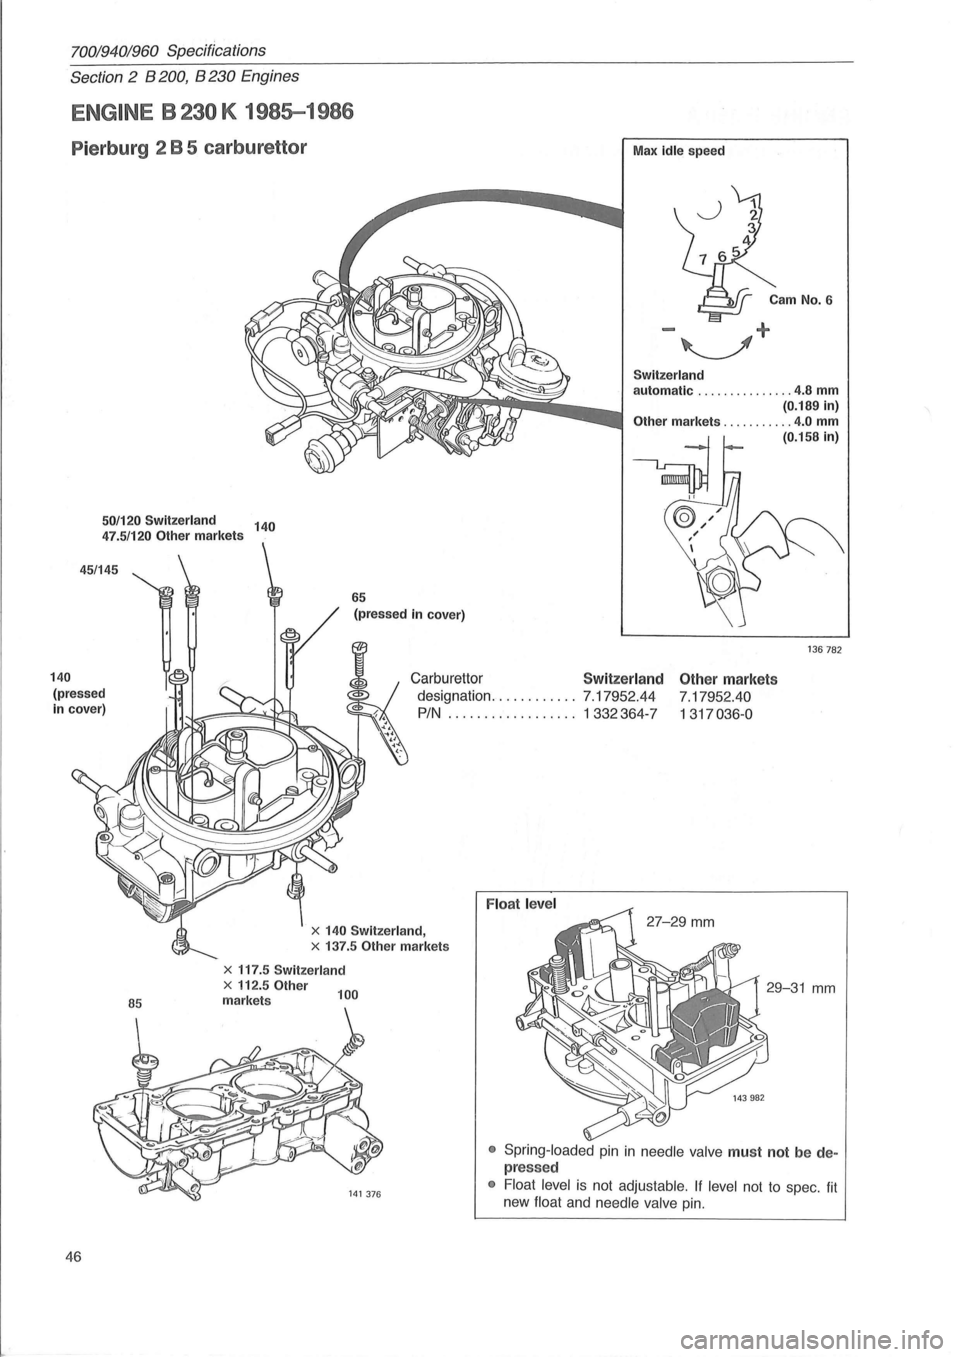 VOLVO 960 1982  Service Service Manual 70019401960 Specifications 
Section 2 B 200, B 230 Engines 
ENGINE B 230 K 1985-1986 
Pierburg  2 B 5 carburettor Max idle speed 
Cam No.6 
- + 
~ 
Switzerland automatic ............... 4.8 mm (0.189
-*-*-
The output must consist solely of the lines from the one containing "ENGINE B 230 K 1985-1986" through the end of the listing, unaltered.

ENGINE B 230 K 1985-1986 
Pierburg  2 B 5 carburettor Max idle speed 
Cam No.6 
- + 
~ 
Switzerland automatic ............... 4.8 mm (0.189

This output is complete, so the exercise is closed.